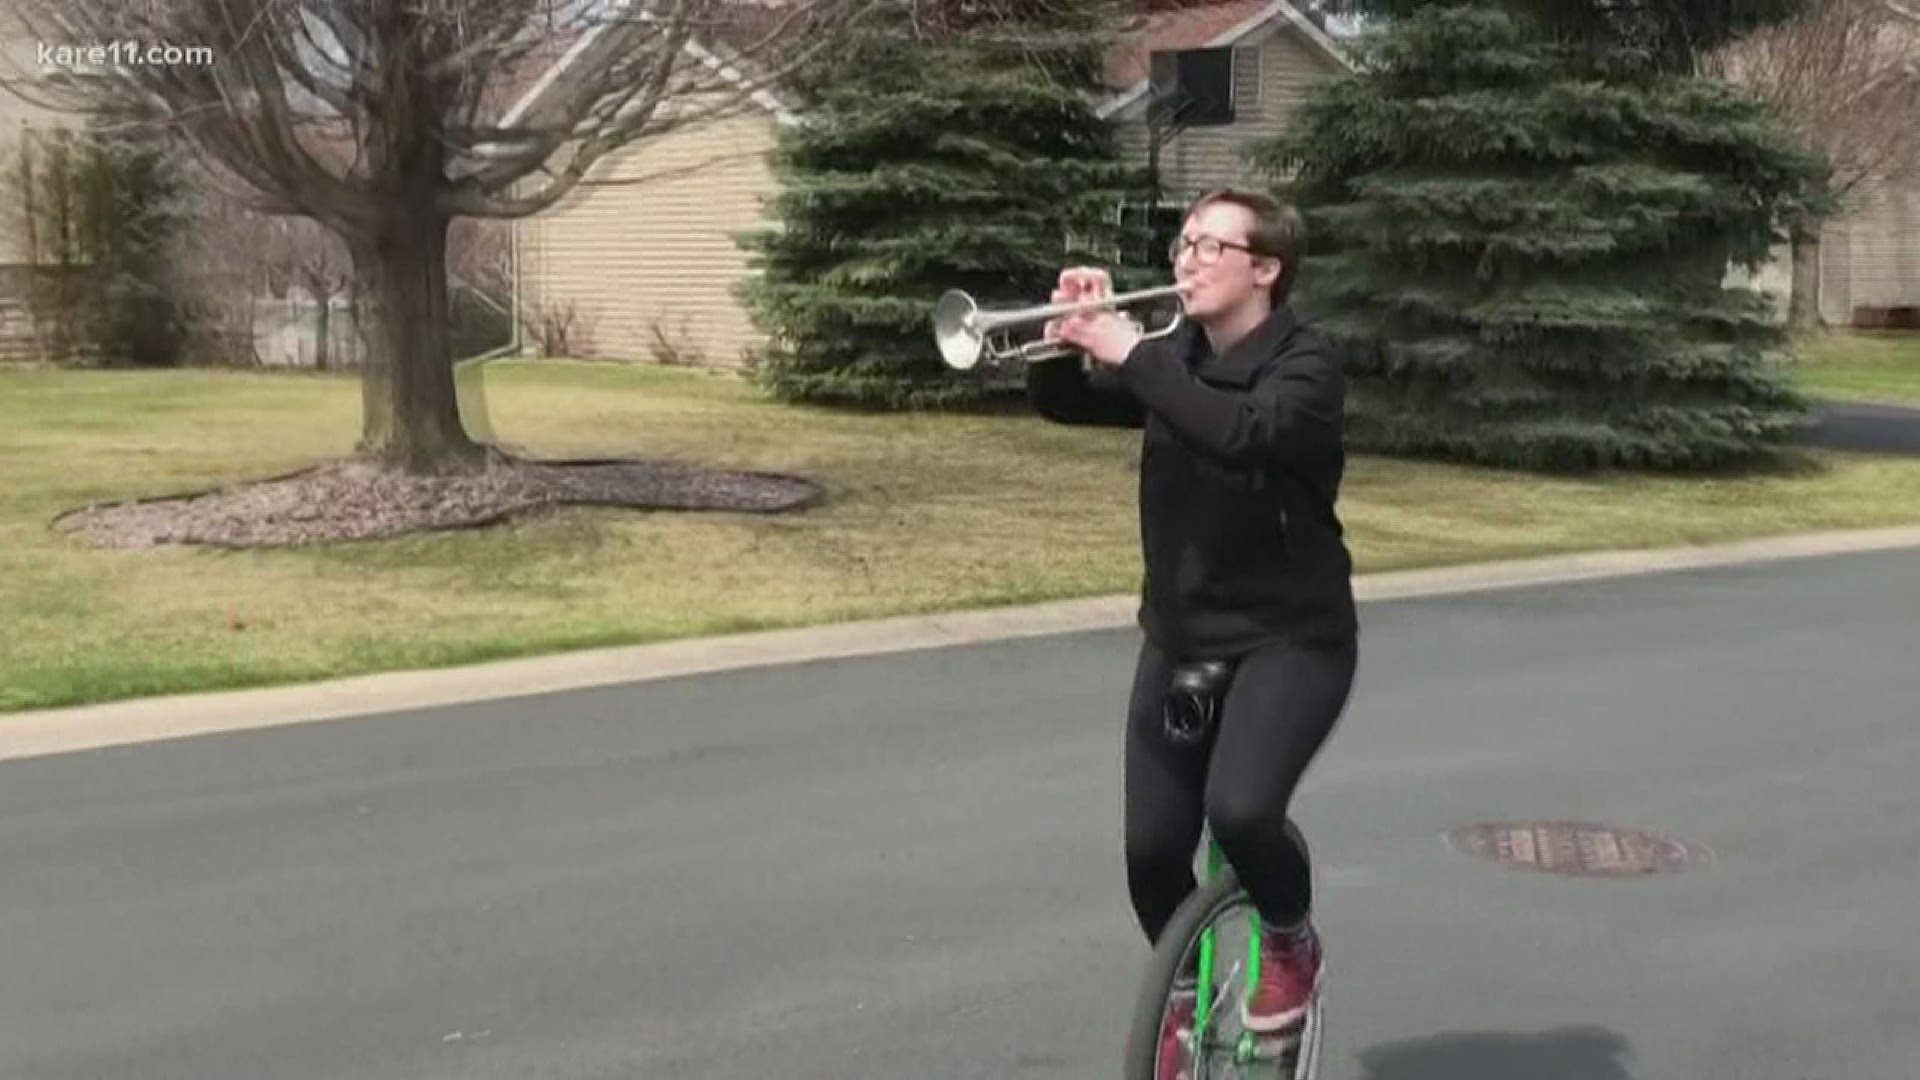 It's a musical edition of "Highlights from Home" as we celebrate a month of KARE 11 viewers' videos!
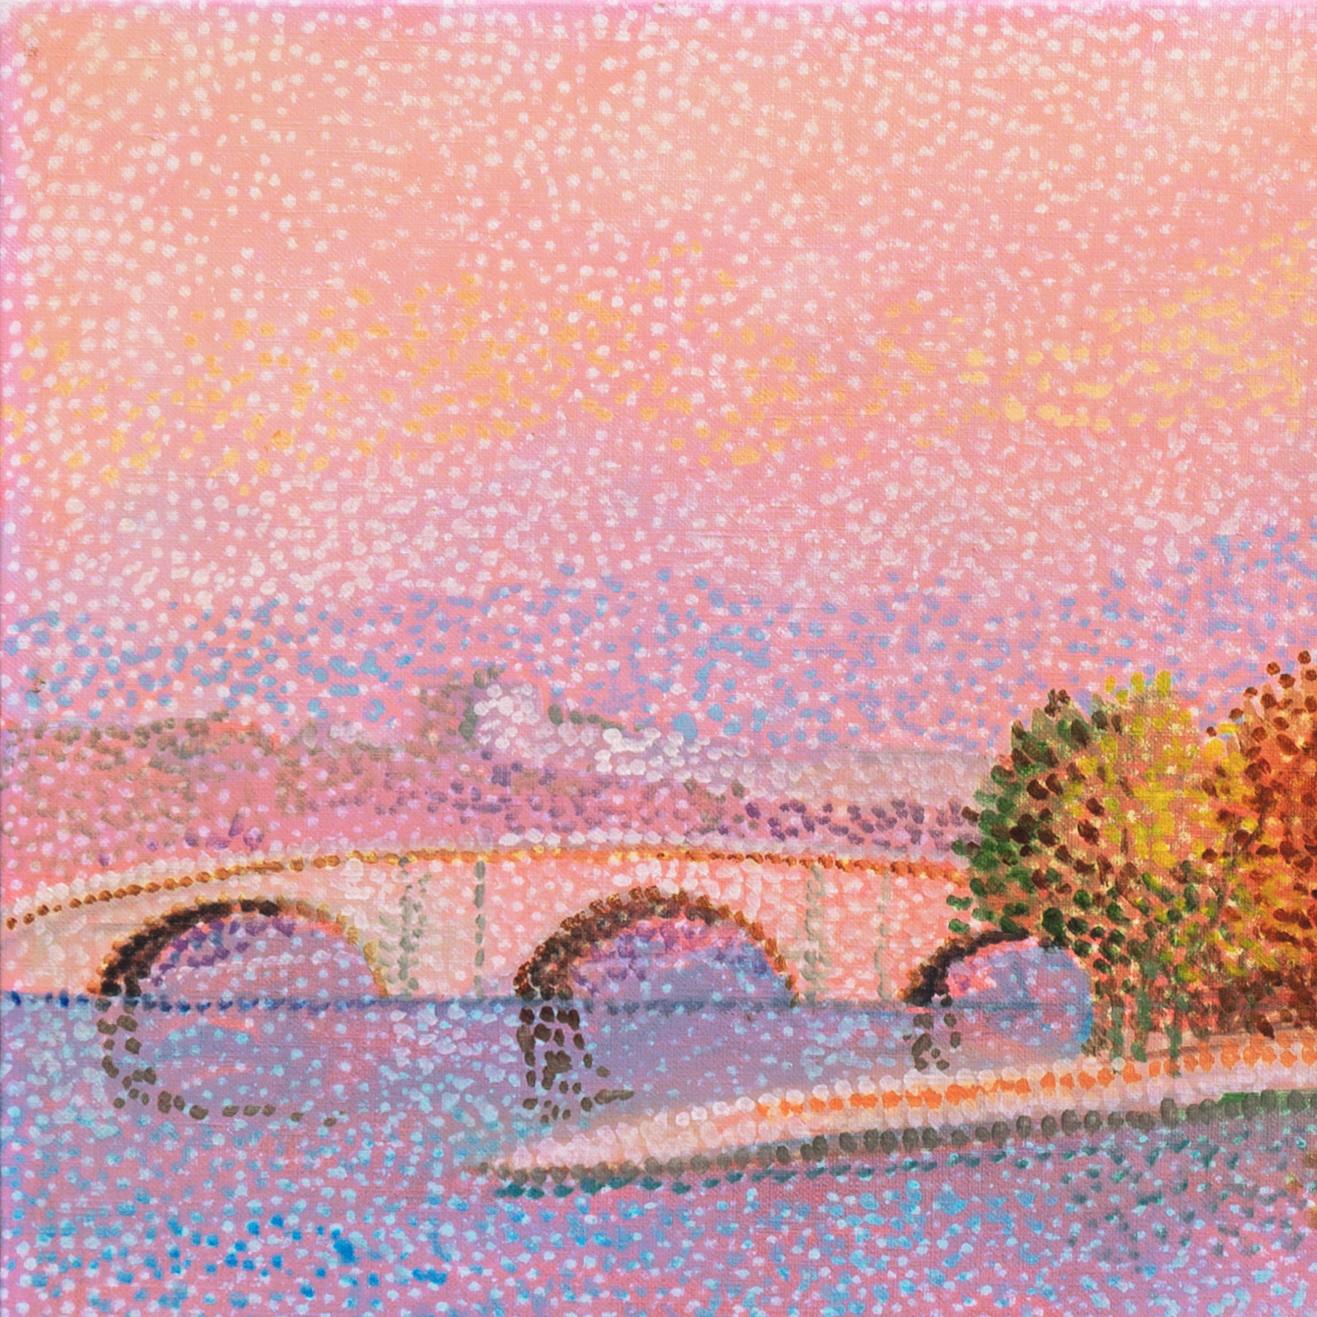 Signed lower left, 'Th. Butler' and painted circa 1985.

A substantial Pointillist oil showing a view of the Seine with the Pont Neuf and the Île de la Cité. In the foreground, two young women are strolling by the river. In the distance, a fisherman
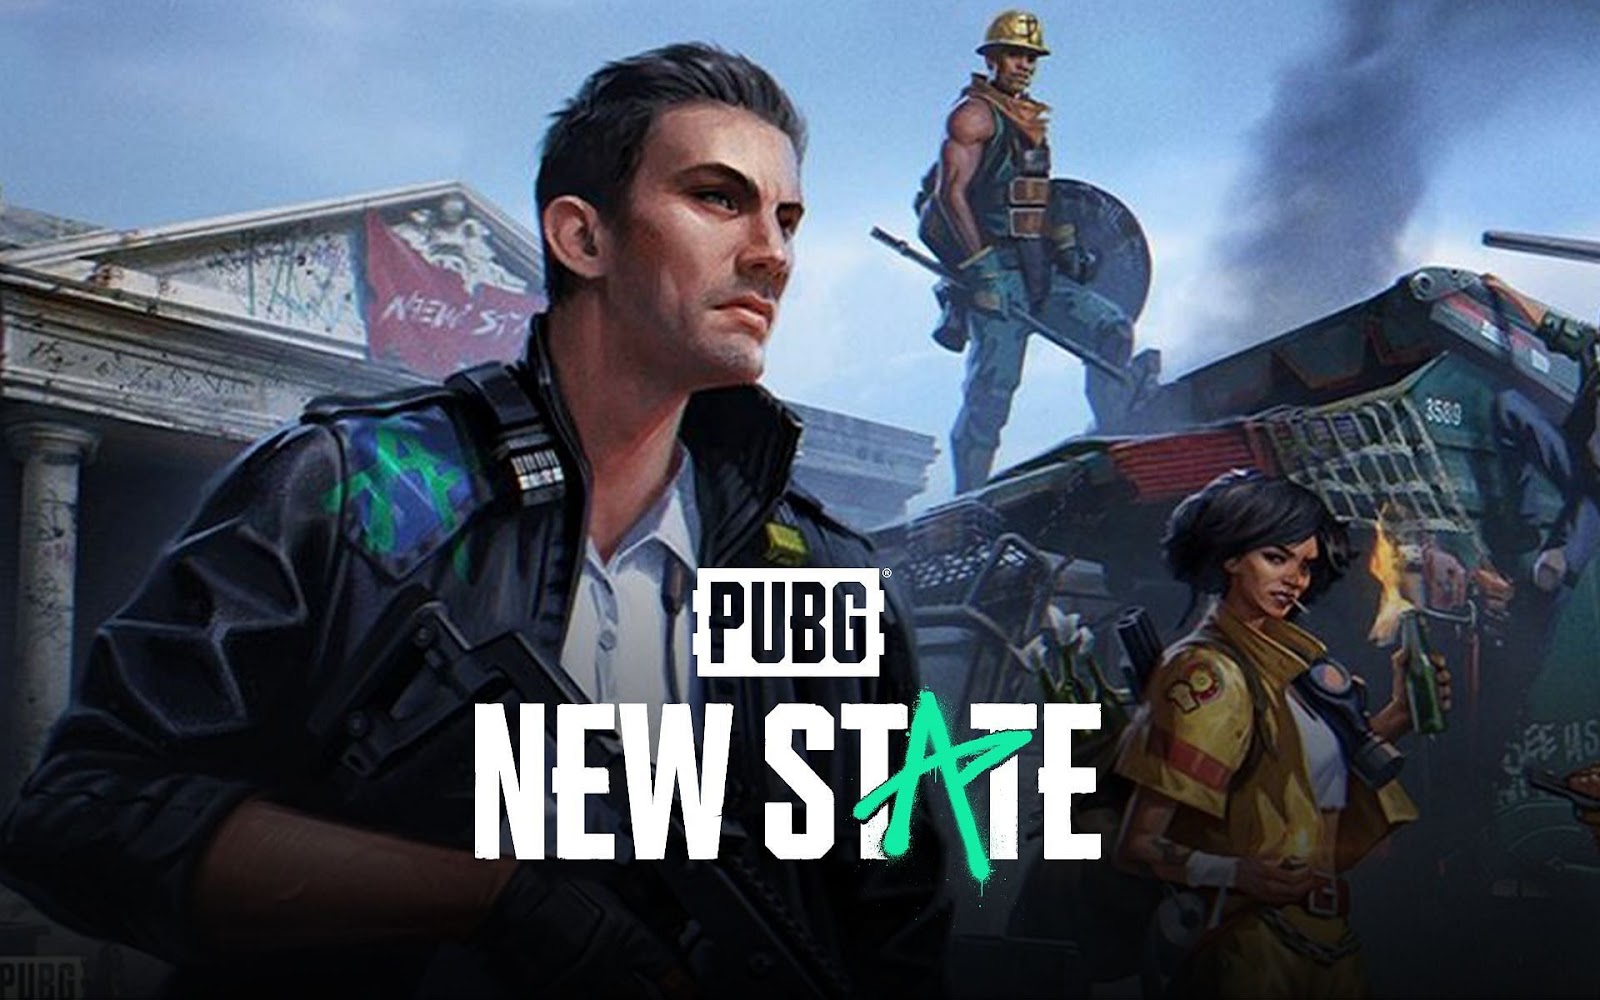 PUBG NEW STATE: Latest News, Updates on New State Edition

* **Directions for this task**:
The answer should be the complete listing, set down exactly, without pictures.

* **Written response**:
 It's a musical edition of "Highlights from Home" as we celebrate a month of KARE 11 viewers' videos!
 Signed lower left, 'Th. Butler' and painted circa 1985.

A substantial Pointillist oil showing a view of the Seine with the Pont Neuf and the Île de la Cité. In the foreground, two young women are strolling by the river. In the distance, a fisherman
 PUBG NEW STATE: Latest News, Updates on New State Edition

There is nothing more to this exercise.